My sister and my brother in-law were recently there, visiting their daughter and their son in-law, and took the photos below, showing jericalla on the dessert menu, along with flan and cake (photo left), and a sample of jericalla, on bird’s eye view (photo right):
The characteristic golden brown top is not from the addition of caramel, as in flan, and also not from sprinkling and burning sugar on top, as in French crème brûlée, but from the browning of the custard itself during baking, or sometimes from broiling.
Jalisco Style Custard – Jericallas
Ingredients (for 7 portions)
2 cups whole cow’s milk
1 cup evaporated milk
¾ cup granulated sugar
1 stick cinnamon, preferably Mexican (Ceylon), but any kind may be used
2 egg yolks (save egg whites for another recipe)
Place milks, sugar, vanilla and cinnamon in a pot over medium/high heat. Cook, stirring, until warm and foamy, but not boiling (photo below, left). Reduce heat to medium, and continue cooking for five minutes; remove pot from heat, and allow to cool down for about twenty minutes to half an hour. In a mixing bowl, beat eggs and egg yolks with a whisk, then slowly pour into the cooled milk mix, beating gently with the whisk (photo below, right):
Preheat oven to 400 ºF (200°C).
Strain the mix with a fine mesh, to remove any egg clumps, and cinnamon chunks (photo below, left). Arrange seven ramekins in a baking tray with rim; I used four glass ramekins and three foil moulds (the latter very convenient to give away). Divide the mix amongst them (photo below, right):
Carefully fill the baking tray halfway with hot water, avoiding pouring water in the ramekins:
Bake for 35 to 45 minutes, checking doneness by getting a clean toothpick after inserting in the centre of one of the jericallas:
Some of the jericallas in my batch browned nicely after 40 minutes, but others were set, yet not browned:
I am not sure if it was because of the position in the tray, because they were in foil moulds, or because those were shorter than the glass ramekins. At any rate, any jericallas that are set, but not browned, may be returned to the oven for a few minutes, under the broiler, just until they turn golden brown.
Allow to cool down to room temperature, then cover and chill in the refrigerator until serving time, for up to two days.

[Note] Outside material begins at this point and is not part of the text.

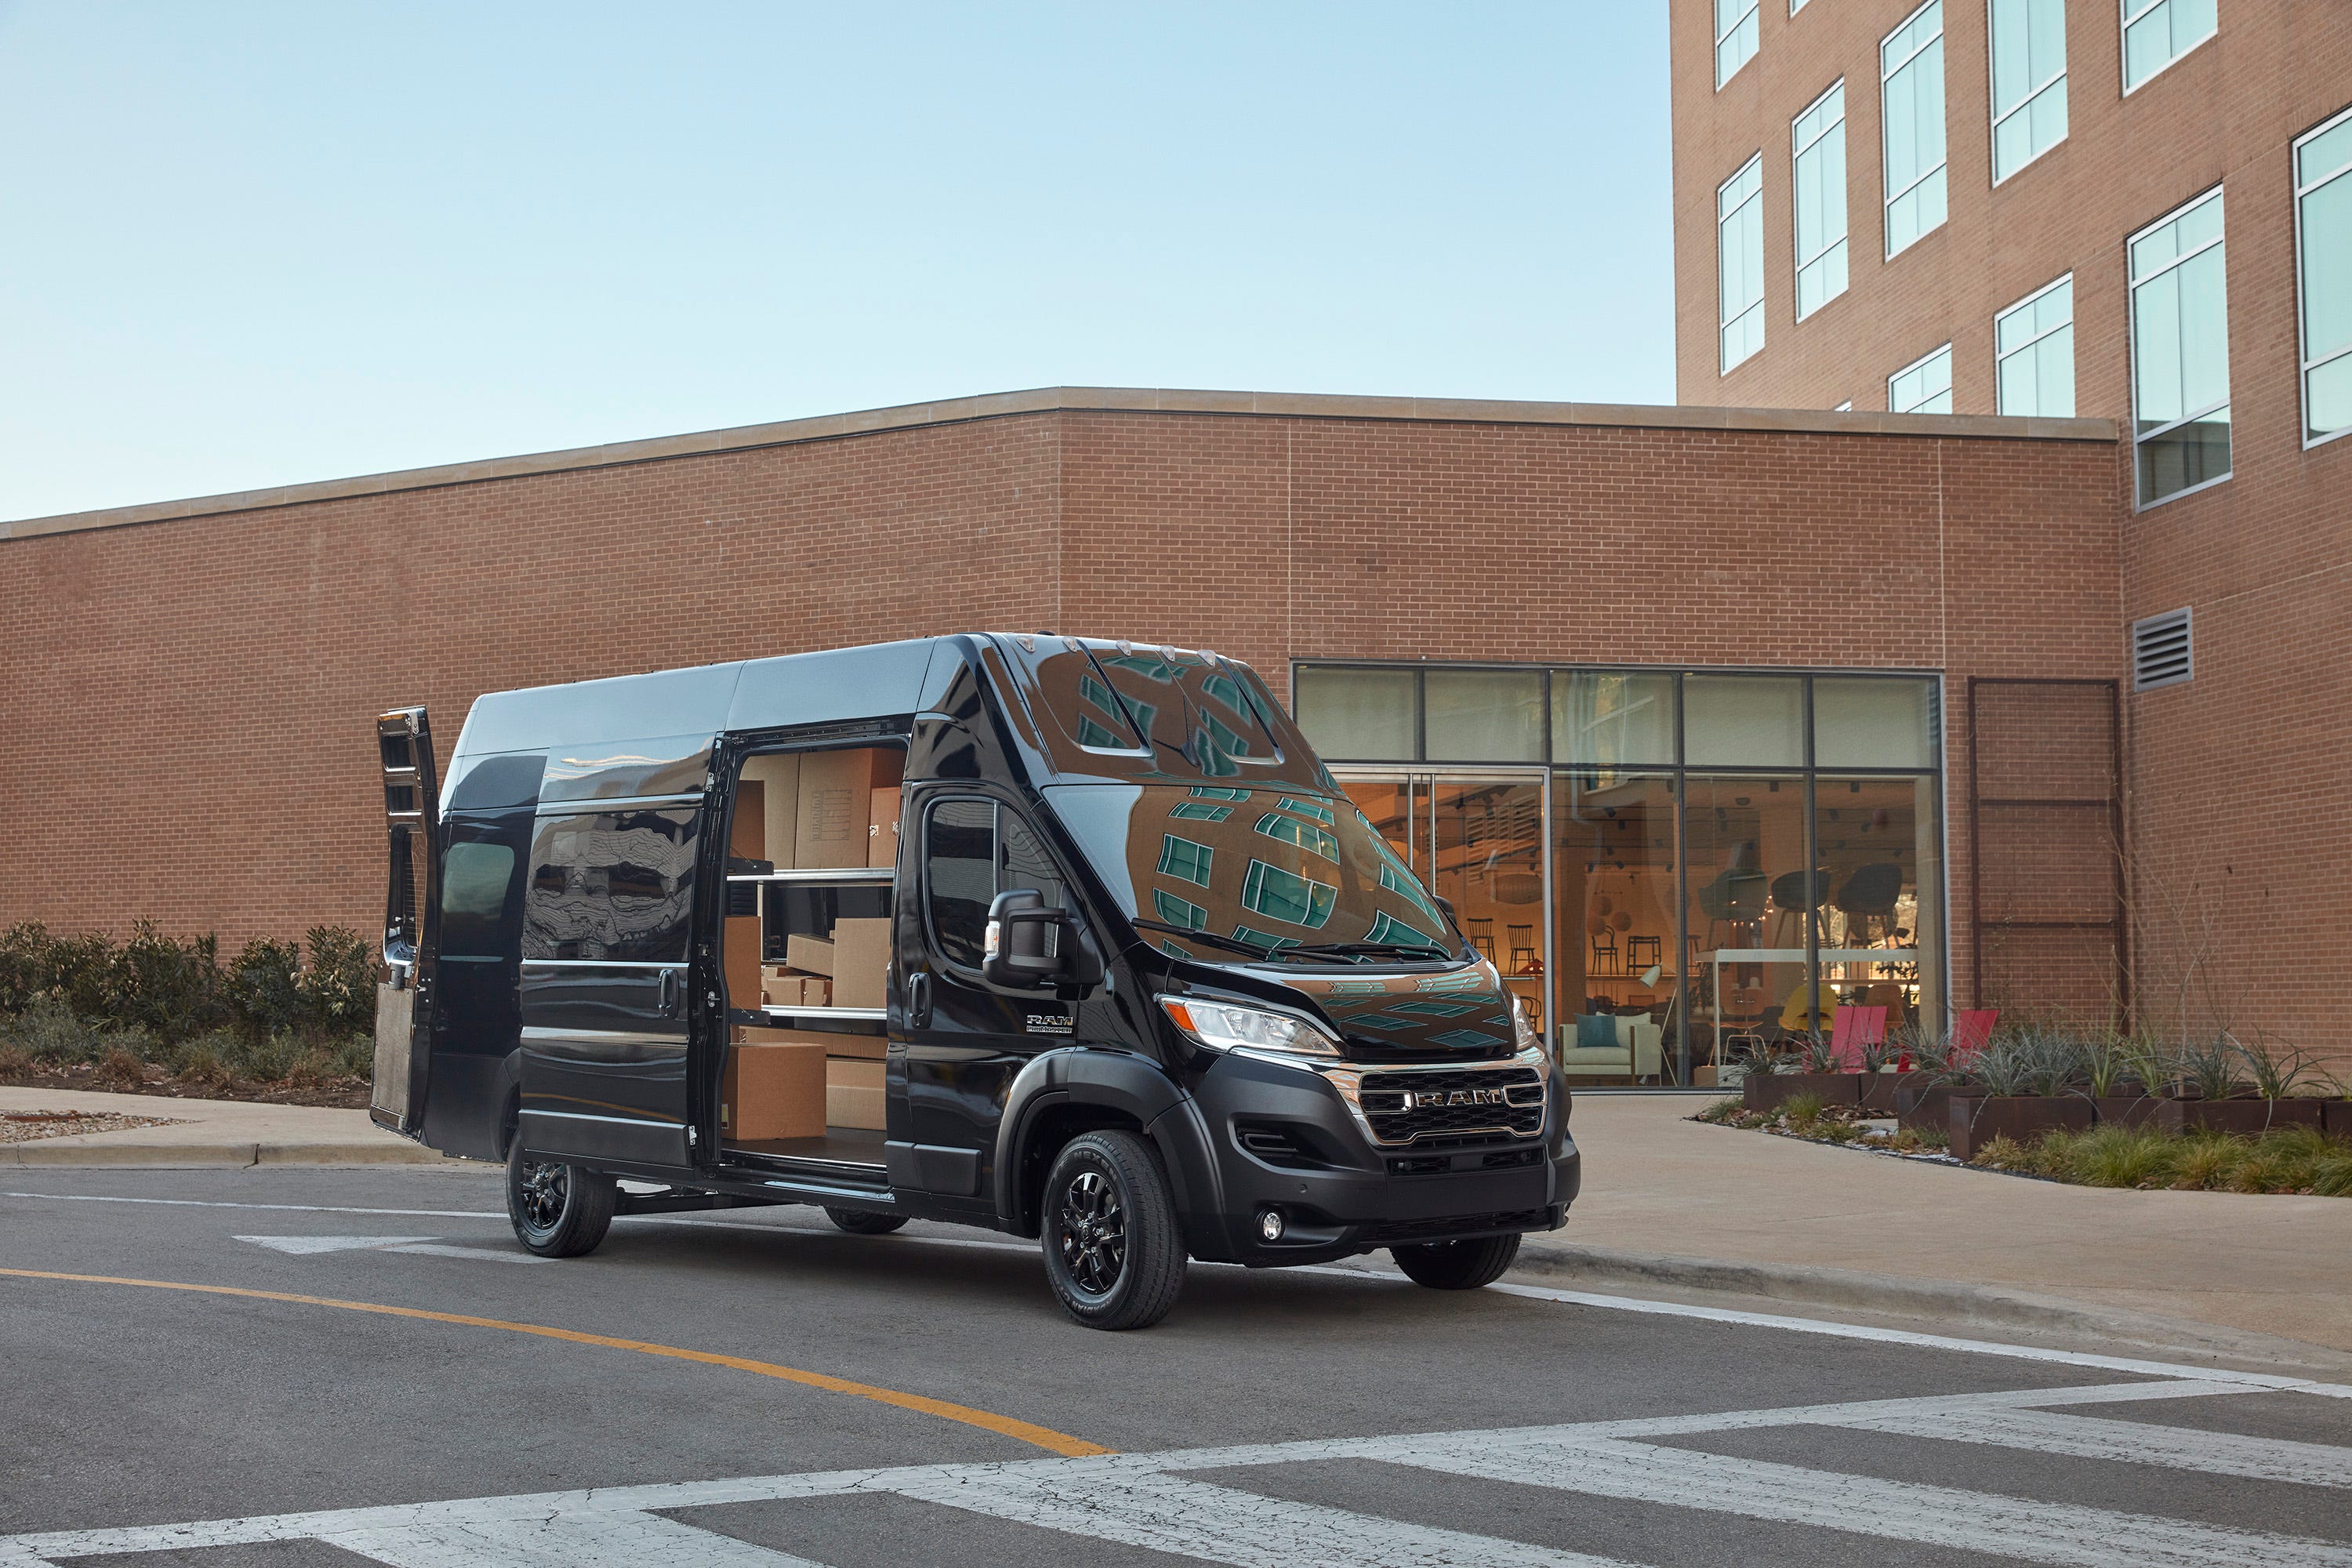 2023 Ram ProMaster delivery van to be unveiled Wednesday

These custardy treats are the perfect sweet ending for any meal, and look so tempting at the table:
The golden brown exterior makes a crispy contrast with the creamy and rich texture inside:
Jericallas are a crowd pleaser, and so easy to make that, when a dessert is needed to complete any menu, preparing a batch in a jiffy allows even the most mercurial cooks to relax, especially during this holiday season. Hallelujah!